Heard they do better in a brackish tank... Hope they will live long in the vivarium...  :Smile: 

Oh, sorry for the blur pics...  :Opps: 

















_PS: The bettas are the feeder bettas I mentioned earlier in another thread. Pretty, right? Wasted..._

----------


## gummynut

agree.. very interesting creatures. where can you find them? can you pm me the price?

----------


## Stradic

interesting creature..where did you get them ?
thanks

----------


## sheng

yup, i would like to know too  :Smile: 
really cute.

----------


## Cacatuoides

Nice fellows....looks similar to their marine buddies....
i'll like to know where and how much you paid too  :Grin:

----------


## Justikanz

Ahem... Bad habits ah, you guys... I am sharing the pics ah, not selling ah...  :Razz: 

Anyway, I got them from Alfa as he was running out of tanks for a new fish. He got them from the old Choong Sua Aquarium before it closed down. I will update when I heard of any LFS selling...  :Smile:

----------


## MrTree

I remember this fish being fin nipper.

----------


## Justikanz

Yes, it is a fin nipper...  :Grin:  The older betta has tattered fins...  :Laughing: 

But it had recovered and the sufferer now is a female guppy with a large fan tail...  :Laughing: 

Guess the blennies are taking turns to nip...  :Razz:

----------


## Quixotic

Looks familiar... _Omobranchus ferox_? Choy should have good pictures of this and know better...  :Grin:

----------


## StonedFish

hi guys  :Laughing:  
just bought a pair of these... have them in my freshwater community tank now. Any idea on what's their diet? Oh btw, with one of my blennies turning very dark colored, is that a sign of stress?  :Shocked:  
The LFS i bought these blennies from put kempantang 
(spelt correctly?  :Opps: ) leaves in their tanks... should i do the same?  :Confused:  

thanks X)

----------


## valice

Ketapang?
Weird... They are brackish water... Ketapang makes the water soft... Doesn't seem to be really required...

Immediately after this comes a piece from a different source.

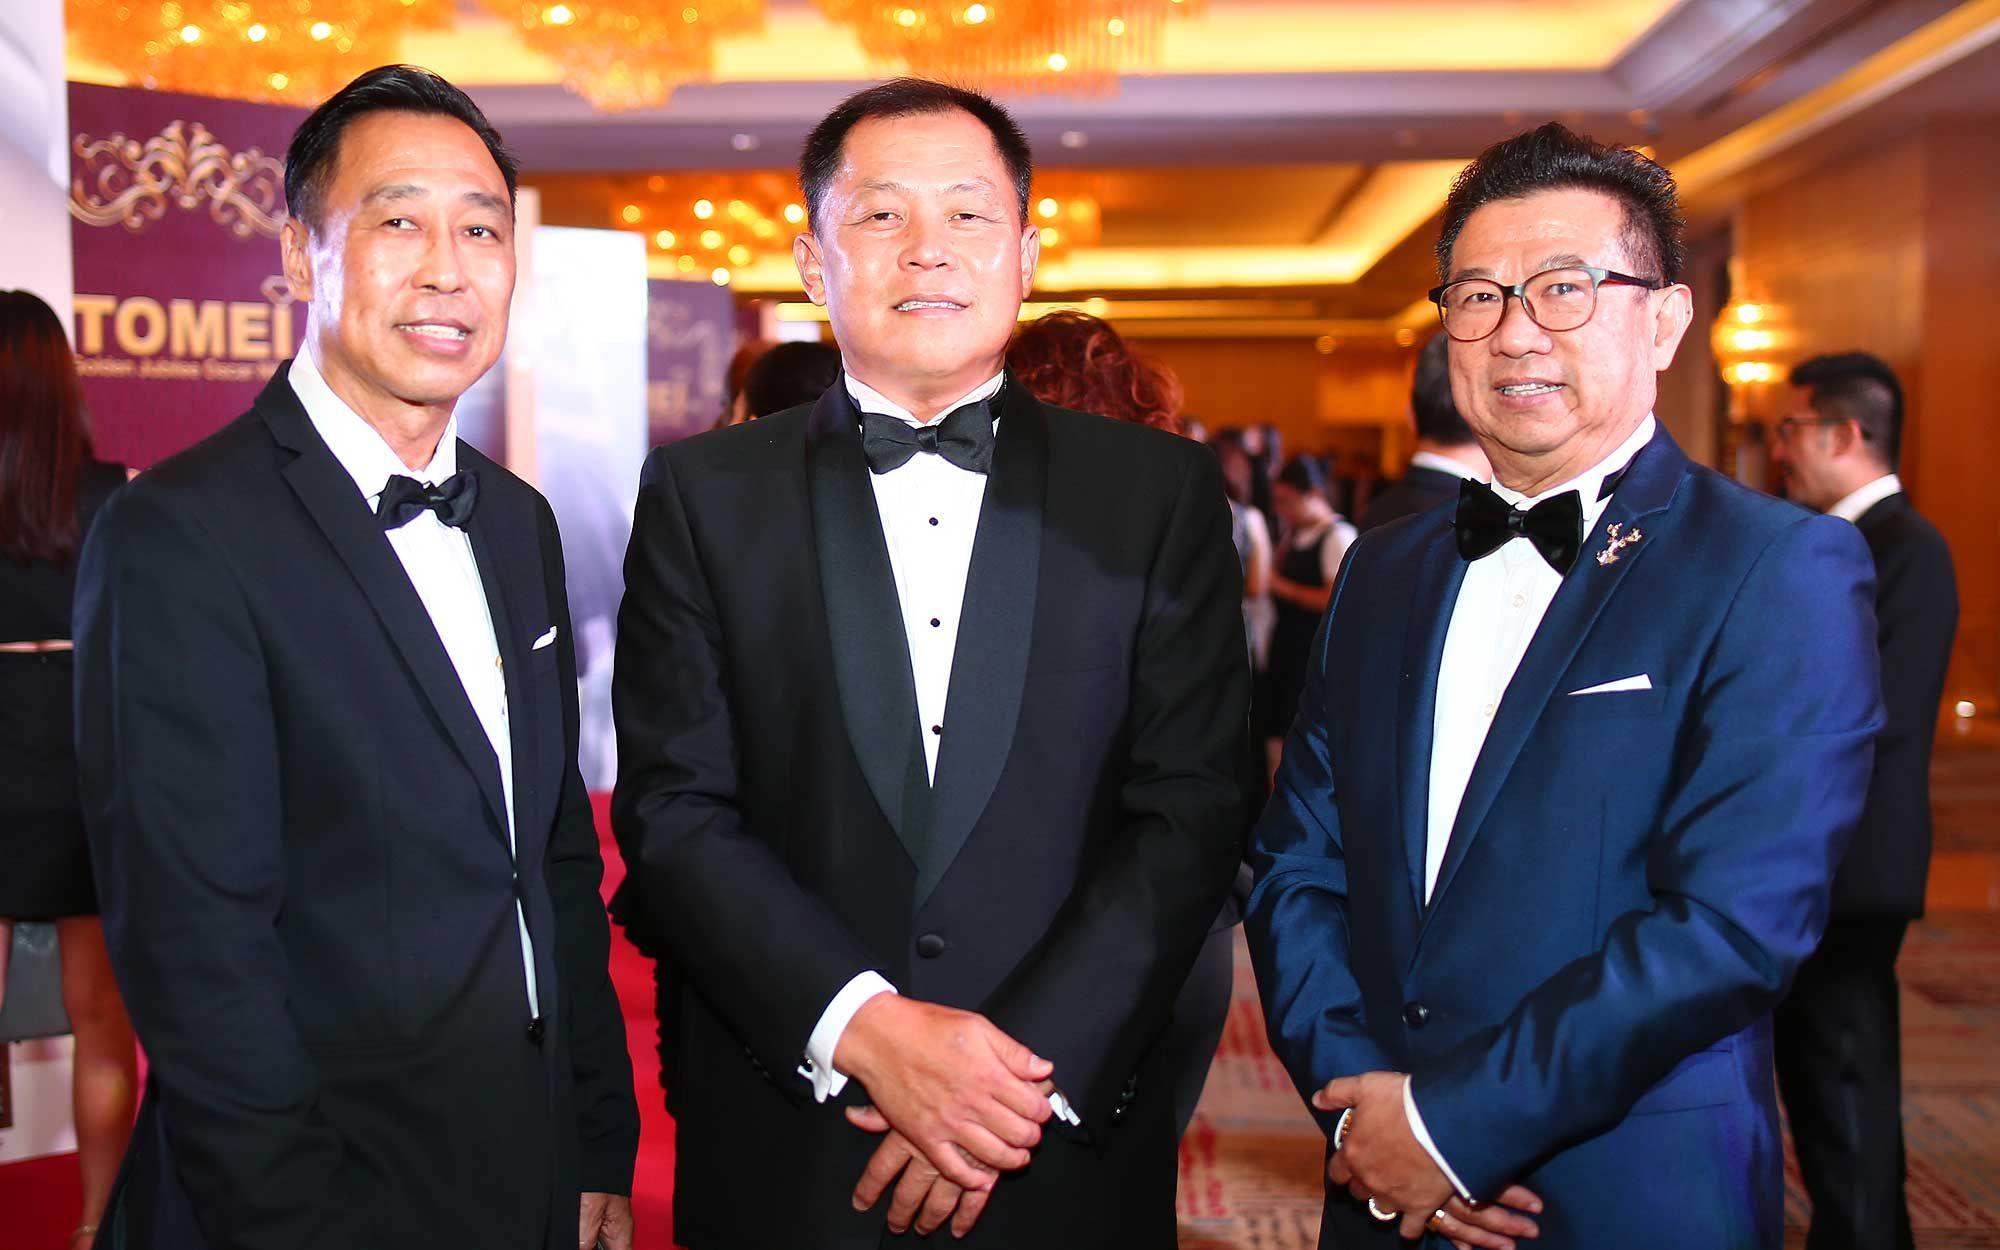 Timmy Au, Datuk Wira Richard Lau and Dato' Dr. Ir. Andy Seo Kian Haw

Think your blenny is stressed... Hope they were slowly acclimatised before you put them into your tank...

----------


## andrewtyr

ah, the old Choong Sua, one of the few lfs which brought in gobies, now, other than TB Ben's still got who bring in gobies?

----------


## gummynut

your 4th picture.. is it showing your 'aquatic puppy' doing its fin nipping act?

----------


## Justikanz

Nope, Gummy... It is patrolling and the betta was just passing by... I had not witnessed the nipping as they avoid patrolling when they see me... I have to remain still and wait for them to appear... And it is not regular...  :Razz:

----------


## Ibn

Beautiful looking gobies.

----------


## Daniel machado

Awesome fishies...  :Cool:  

Best regards.

Daniel.

----------


## Kingfisher

> I remember this fish being fin nipper.



So can kept with dwarf puffer? So they cancelled each one out.  :Grin:

----------


## Justikanz

Oh, for those who are still interested, these fish can be found in a pair per pack at C328 as 'Tiger Gobies'... If stock runs out, please ask Uncle when they will bring in...  :Smile:

----------


## Kingfisher

Saw them for sale in Y618 also. Got another type of high fin goby there too.

----------


## MIZU

saw this fish selling as a pair today at the fishshop next to NA..

----------


## avant

Just wondering if there's a reason for them to be sold in pairs?

----------


## MIZU

no idea also,but the male come in black and red colour..female only show yellow and black..

----------


## Justikanz

The yellow and black striped ones are the males... The female is the grayish overall with red and blue markings on the face (I think, if I remember correctly)...  :Opps:

----------


## MIZU

> The yellow and black striped ones are the males... The female is the grayish overall with red and blue markings on the face (I think, if I remember correctly)...


i see i see.. thank you for correction.. :Smile:

----------


## avant

Thanks for the info on the gender  :Smile: 
So are those sold in pairs a male and a female?

----------


## MIZU

both of them are pack in the same bag..  :Smile:

----------


## Jungle-mania

I happen to see them sold individually at San Aquatic, but I did not ask for the price. They are been kept in a tank with alot of small pvc pipes, where they are hiding alone in each tube.

----------


## Jungle-mania

I forgot to add that K&K at Tampines is selling another type of blenny, less colourful but just as interesting for $1.50. Hopefully someone here who has gone there can ID them.

----------